The Mission Society of the Philippines
First of 2 parts
IN 1959, the Catholic Bishops’ Conference of the Philippines made a historic decision of great missionary import. In a pastoral letter issued on May 17 of that year they designated the year as Mission Year and declared that the Philippines Church was already to undertake mission work of her own.
The Mission Year was celebrated with various activities such as: regional mission convention and exhibits; seminars on missionary activity whose formal papers were presented; special vocation for promotion for both home and foreign missions; missions rallies on the parochial, deanery, and diocesan levels; and a National Mission Congress in Manila on December 3-6.

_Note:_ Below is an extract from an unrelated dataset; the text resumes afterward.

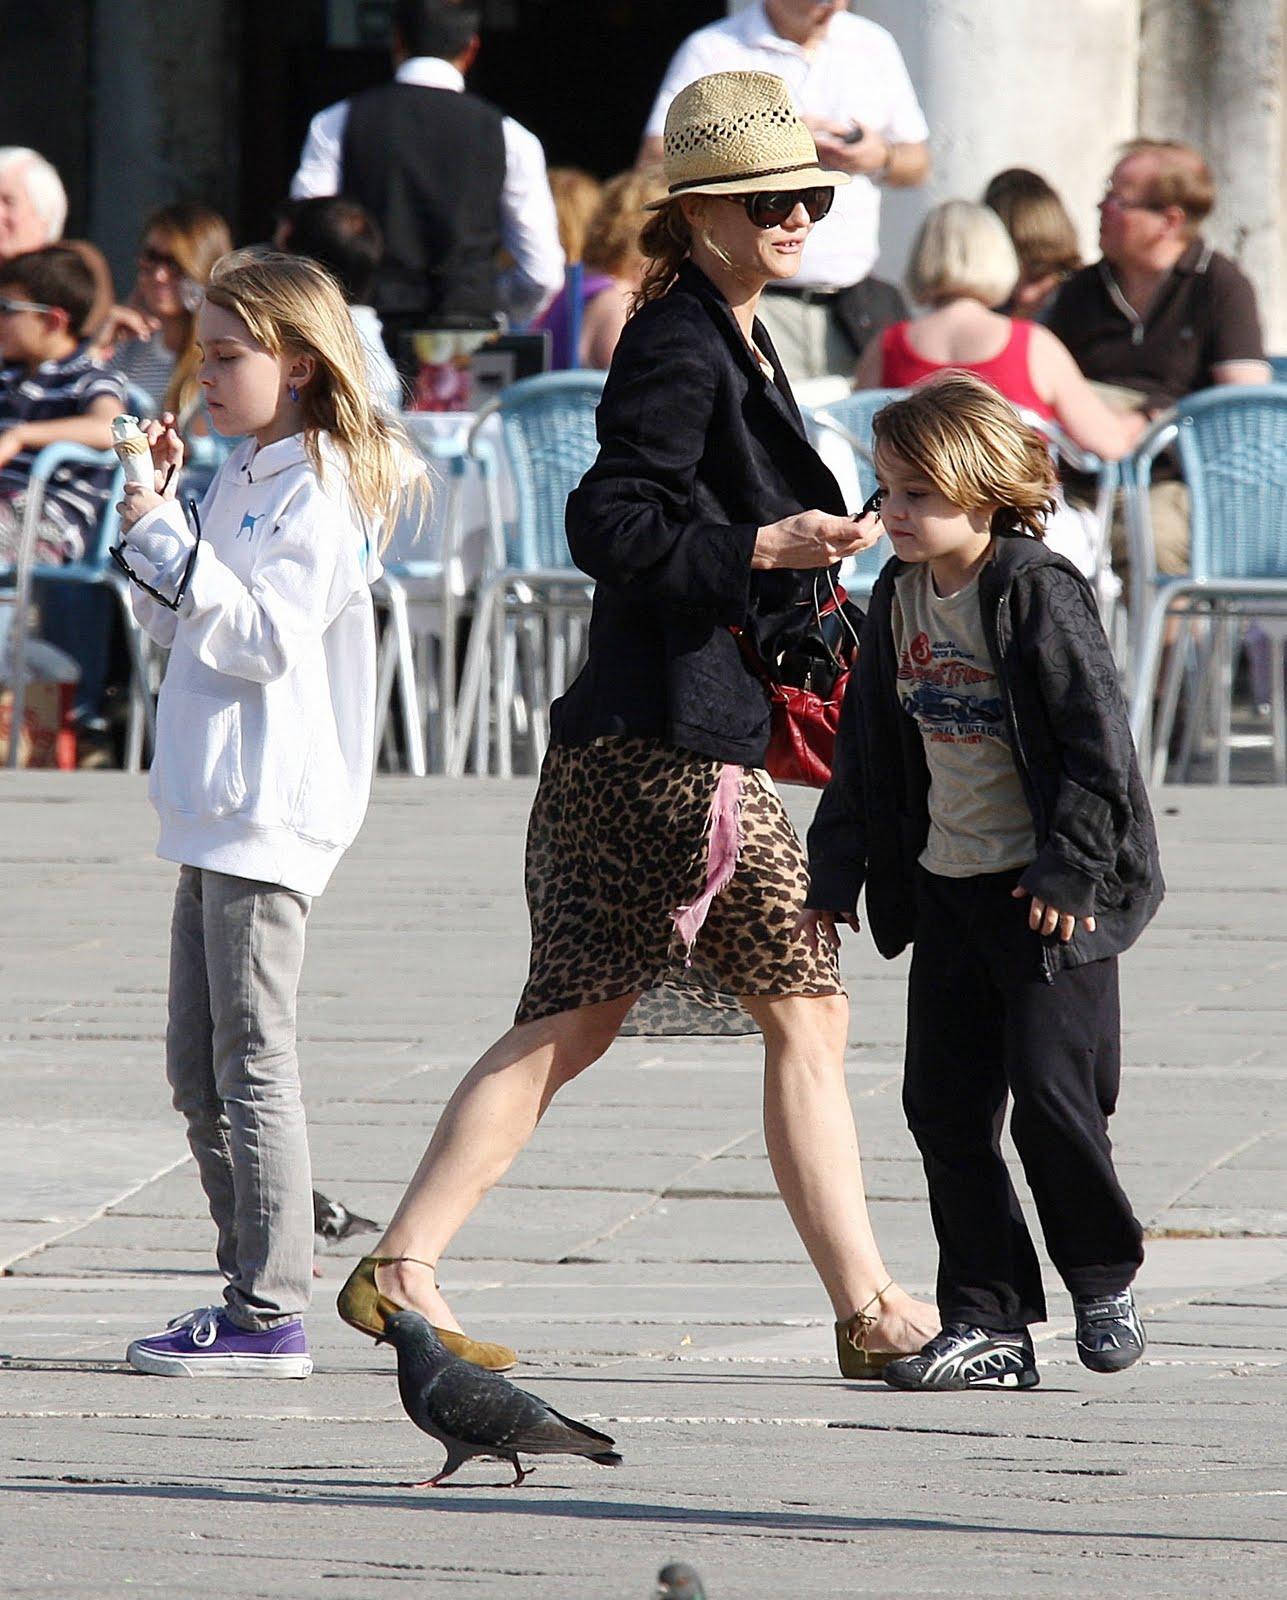 Депп и паради дети фото

During the Eleventh Bishops’ Annual Meeting on January 27-31, 1964 at the San Carlos Major Seminary in Cebu City, Bishop Surban read as inspired talk concerning the God - given mission of Catholic Philippines in the evangelization of the country and the vision of early missionaries as well as of several popes in their letters to the Philippine hierarchy regarding the evangelization of mainland Asia, he prepared the establishment of the Foreign Mission Society of the Philippines. The Bishops unanimously approved the proposed project. They likewise unanimously endorsed Bishop Surban to be the National Director of the enterprise and tasked him to prepare a detailed plan of its organization (Blueprint for Mission Activity). And in their subsequent joint pastoral letter “On the Fourth Centenary of the Evangelization of the Philippines” (February 2, 1964), they expressed their intention to establish the Society which they henceforth considered as a monument to the forthcoming Fourth Centennial Celebration of the Christianization of the country.

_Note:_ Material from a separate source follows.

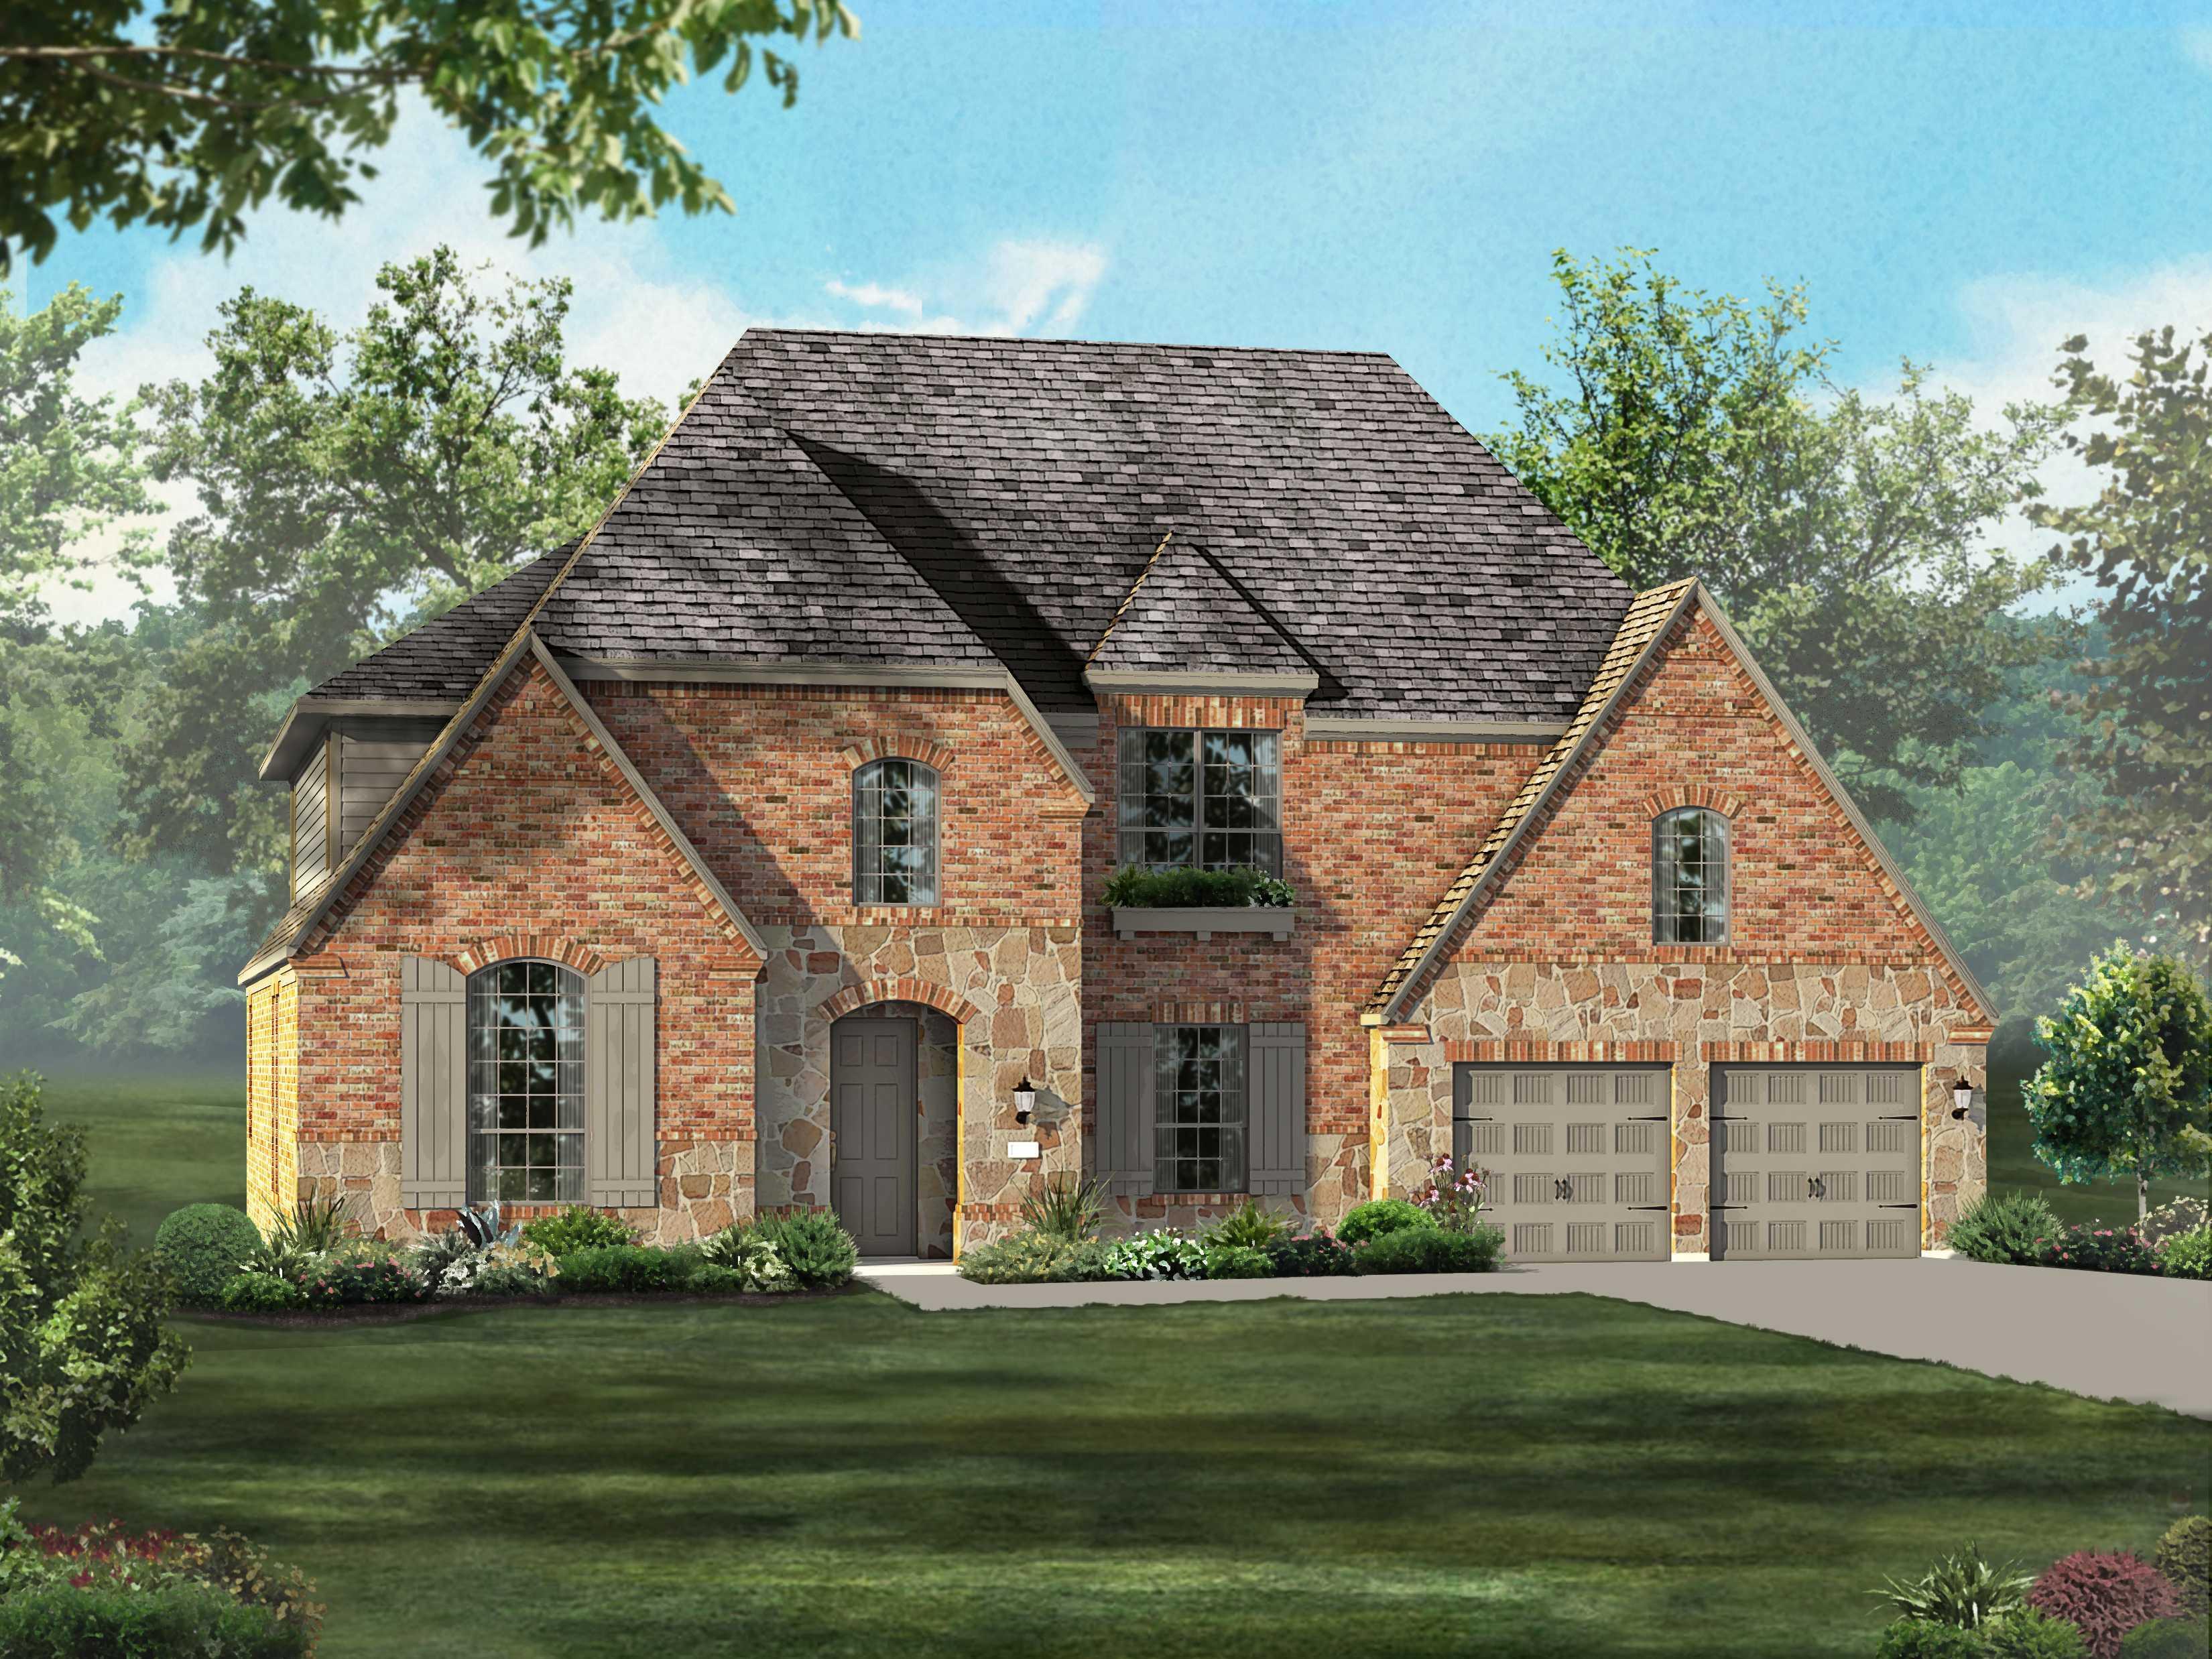 highland homes windsong ranch 75s plan 264 1329632 prosper tx new home for sale homegain

Rome was, of course, regularly kept informed of the project. As a token of his appreciation of the initiative, Pope Paul VI donated a chalice, a paten, a ciborium, and a communion plate which, according to His Holiness, should remain in the seminary as a personal pledge of his paternal interest.

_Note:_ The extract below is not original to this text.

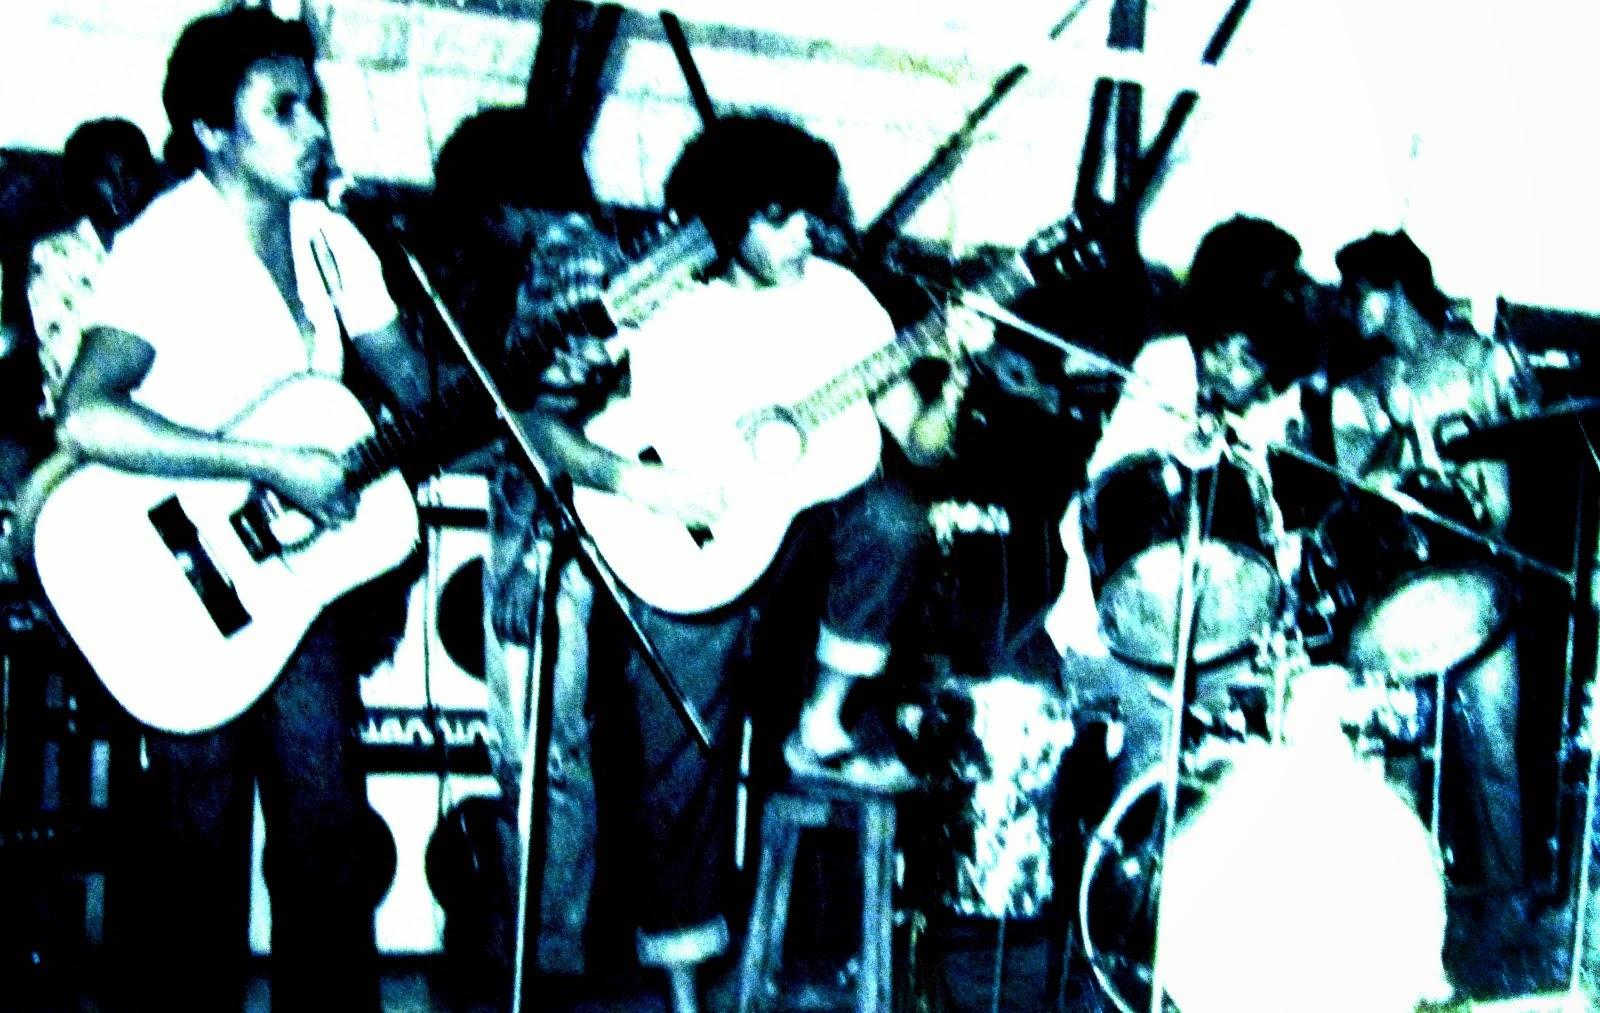 Festival no Loyola-Gil,Carlos,Jhonathas

A pastoral statement officially proclaiming their intentions to establish the Society was finally issued by the Bishops on January 29, 1965. Said the Bishops: “We, therefore, proclaim officially our intention to undertake a national effort to orient our people to the Missions. To achieve this and to express in the concrete our gratitude to God for the gift of Faith, we will organize the Foreign Mission Society of the Philippines.”